(Exercise): Copy exactly and only the lines running from the one that contains "Cambridge Checkpoint Maths Student's Book 1" to the final line of the data below, without the pictures.

** The data follows **

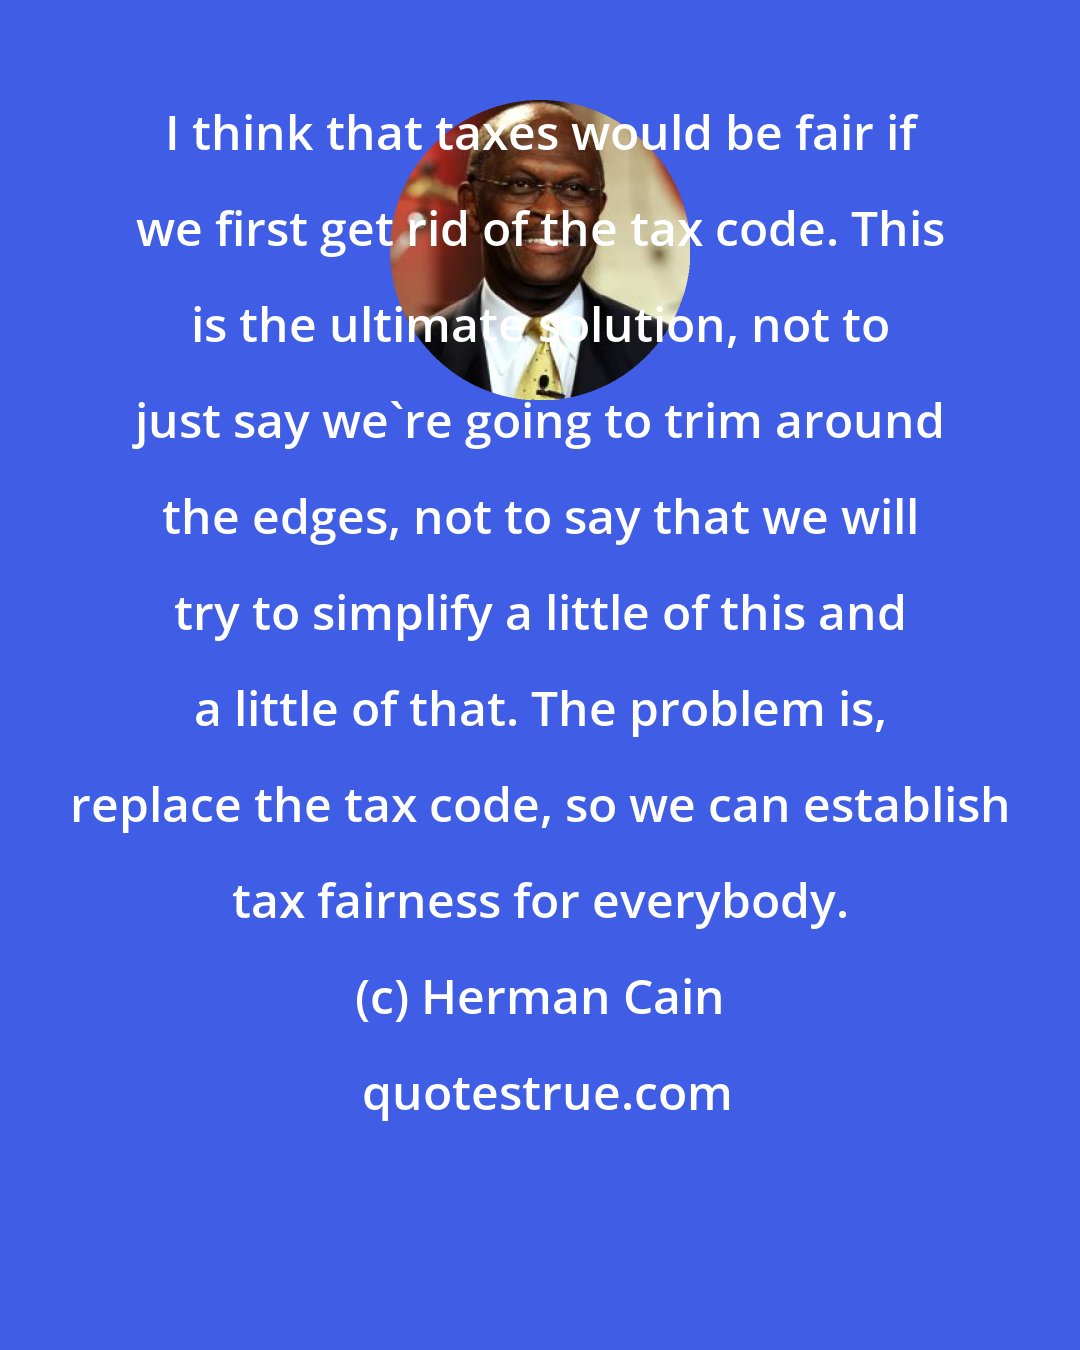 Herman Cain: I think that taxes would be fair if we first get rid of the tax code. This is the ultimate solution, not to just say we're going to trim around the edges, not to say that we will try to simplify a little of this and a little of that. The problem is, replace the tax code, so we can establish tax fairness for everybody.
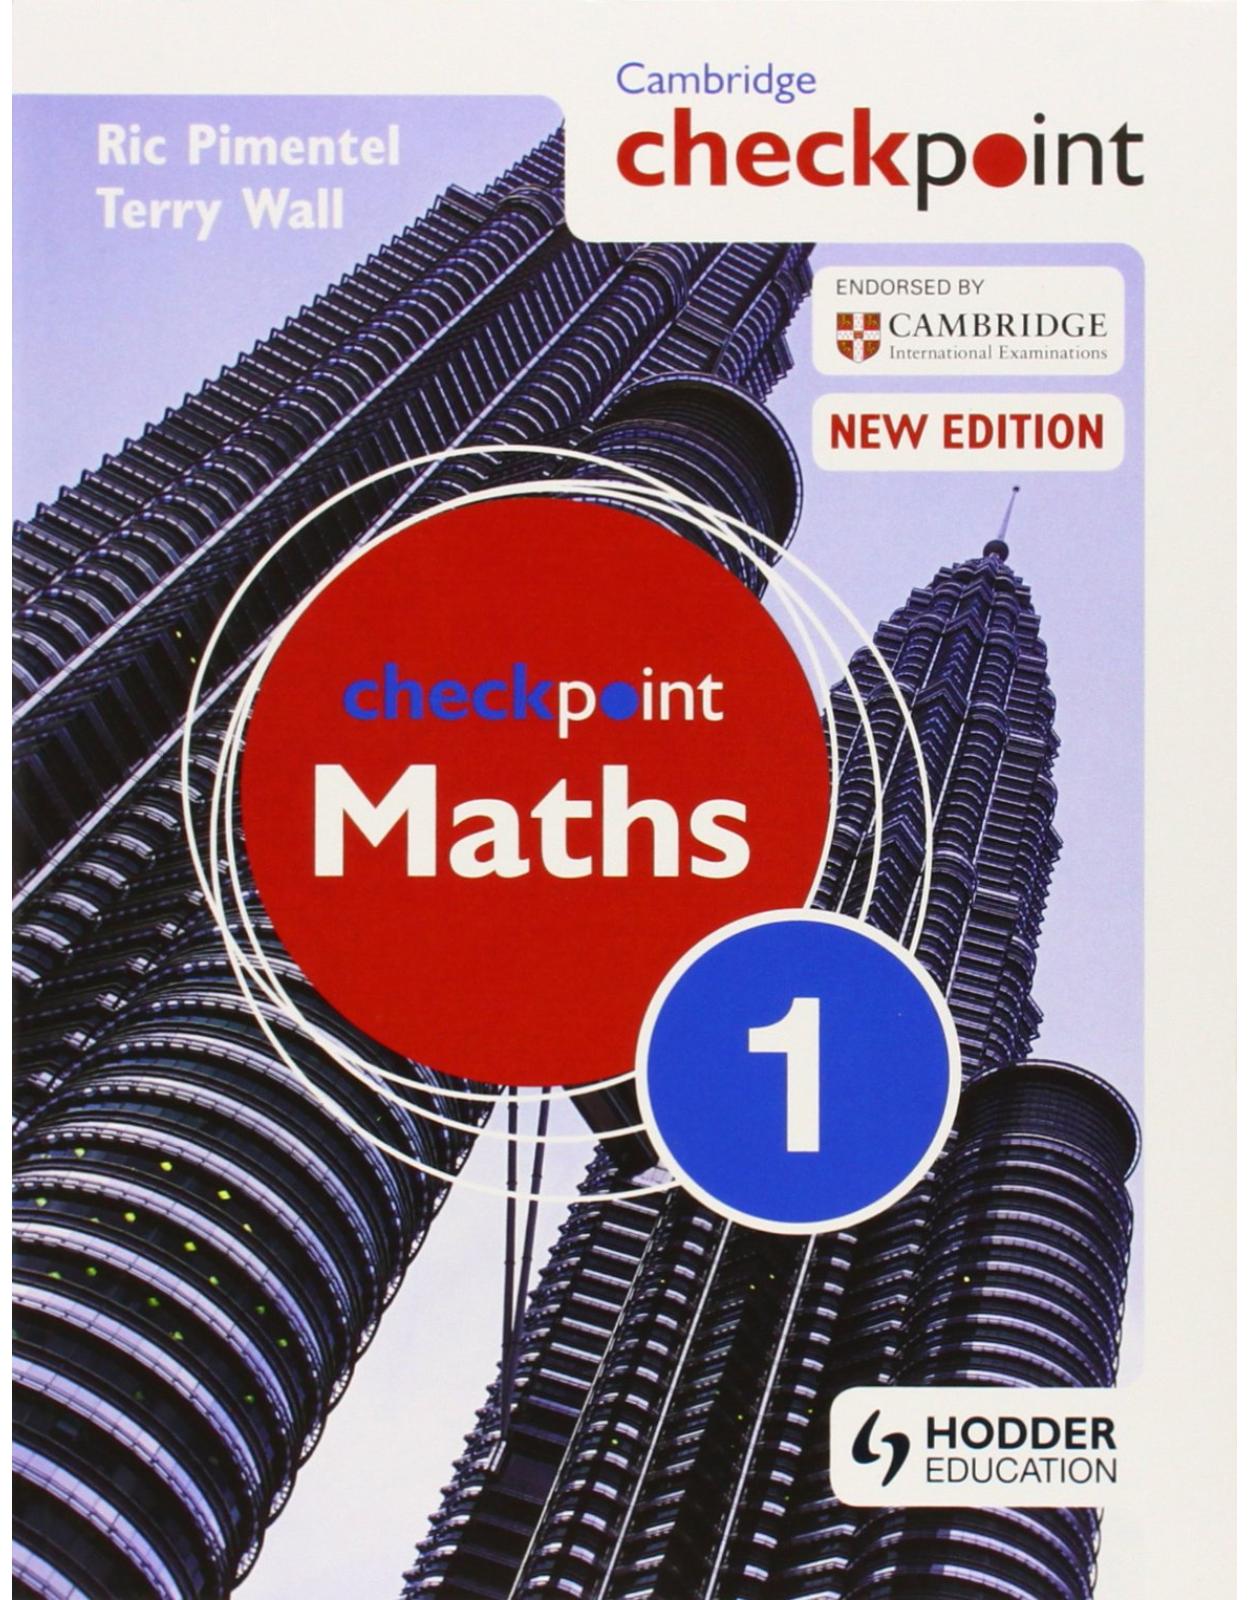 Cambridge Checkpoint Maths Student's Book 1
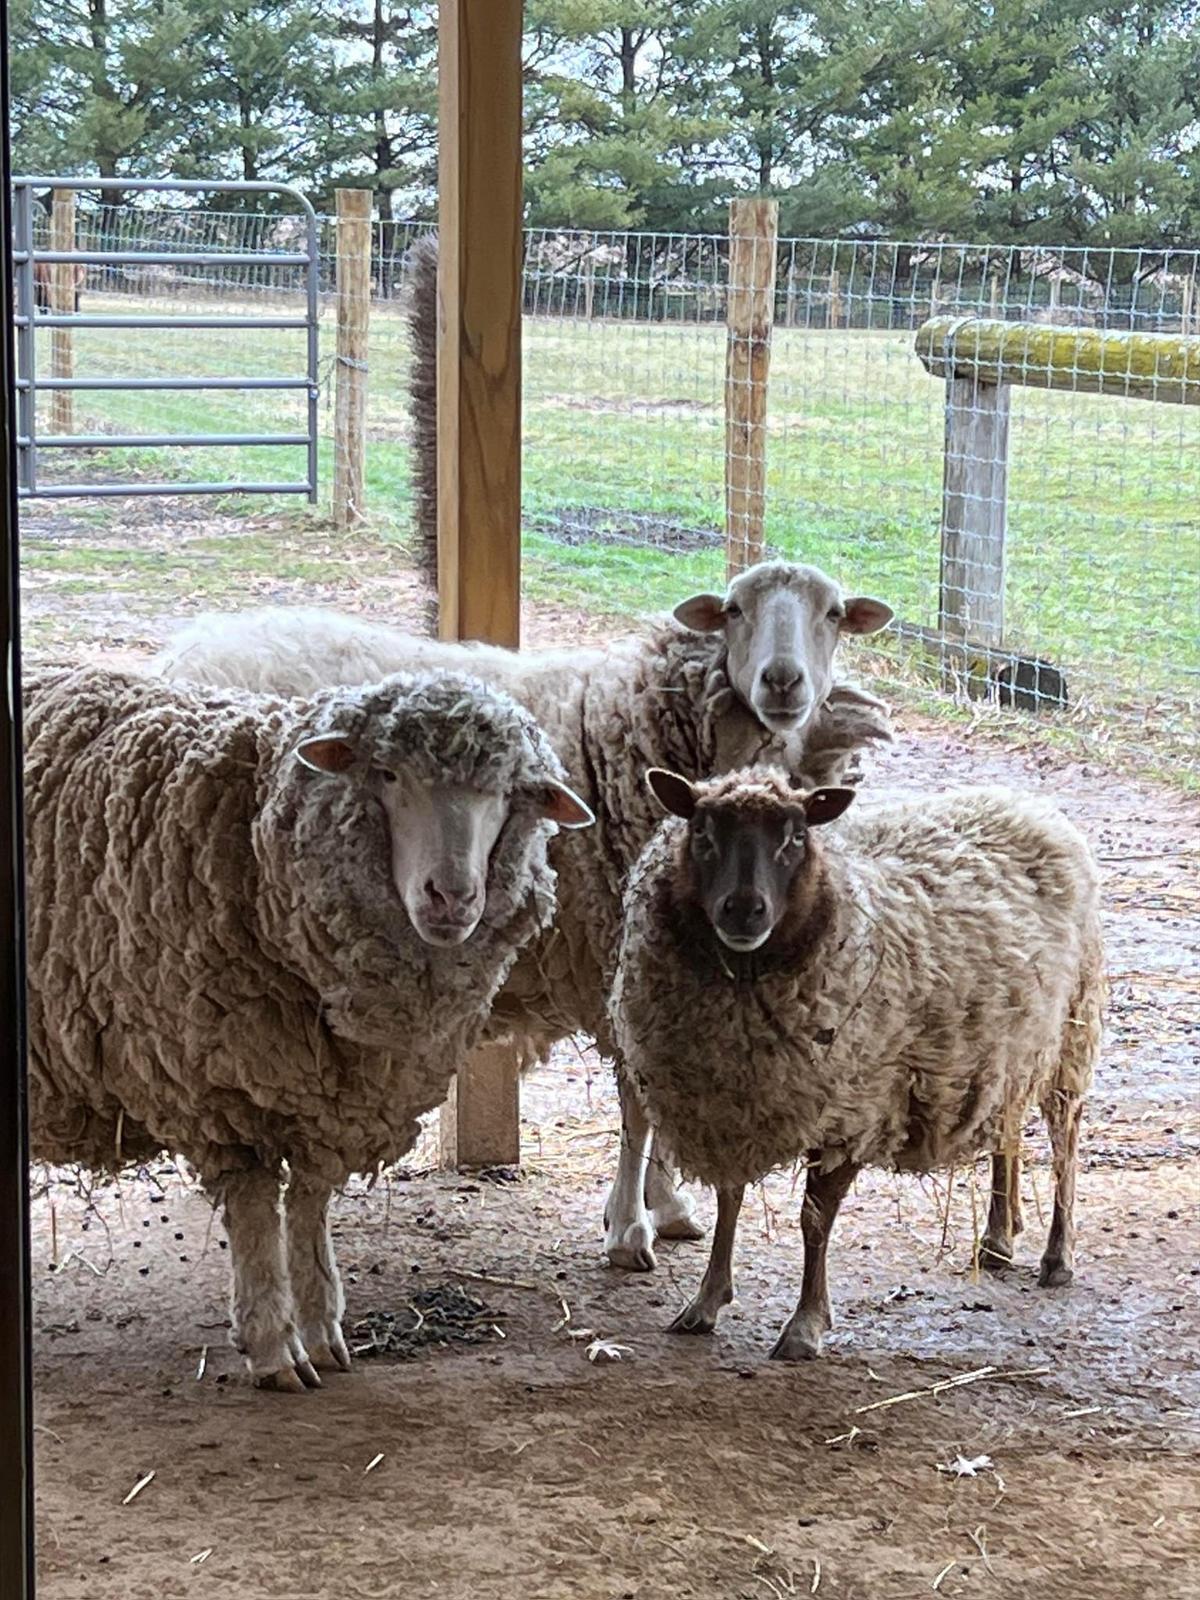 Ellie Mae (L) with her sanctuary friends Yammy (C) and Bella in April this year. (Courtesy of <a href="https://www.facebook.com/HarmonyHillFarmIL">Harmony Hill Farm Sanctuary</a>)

** End of The data **

(Exercise result):
 Cambridge Checkpoint Maths Student's Book 1
 Ellie Mae (L) with her sanctuary friends Yammy (C) and Bella in April this year. (Courtesy of <a href="https://www.facebook.com/HarmonyHillFarmIL">Harmony Hill Farm Sanctuary</a>)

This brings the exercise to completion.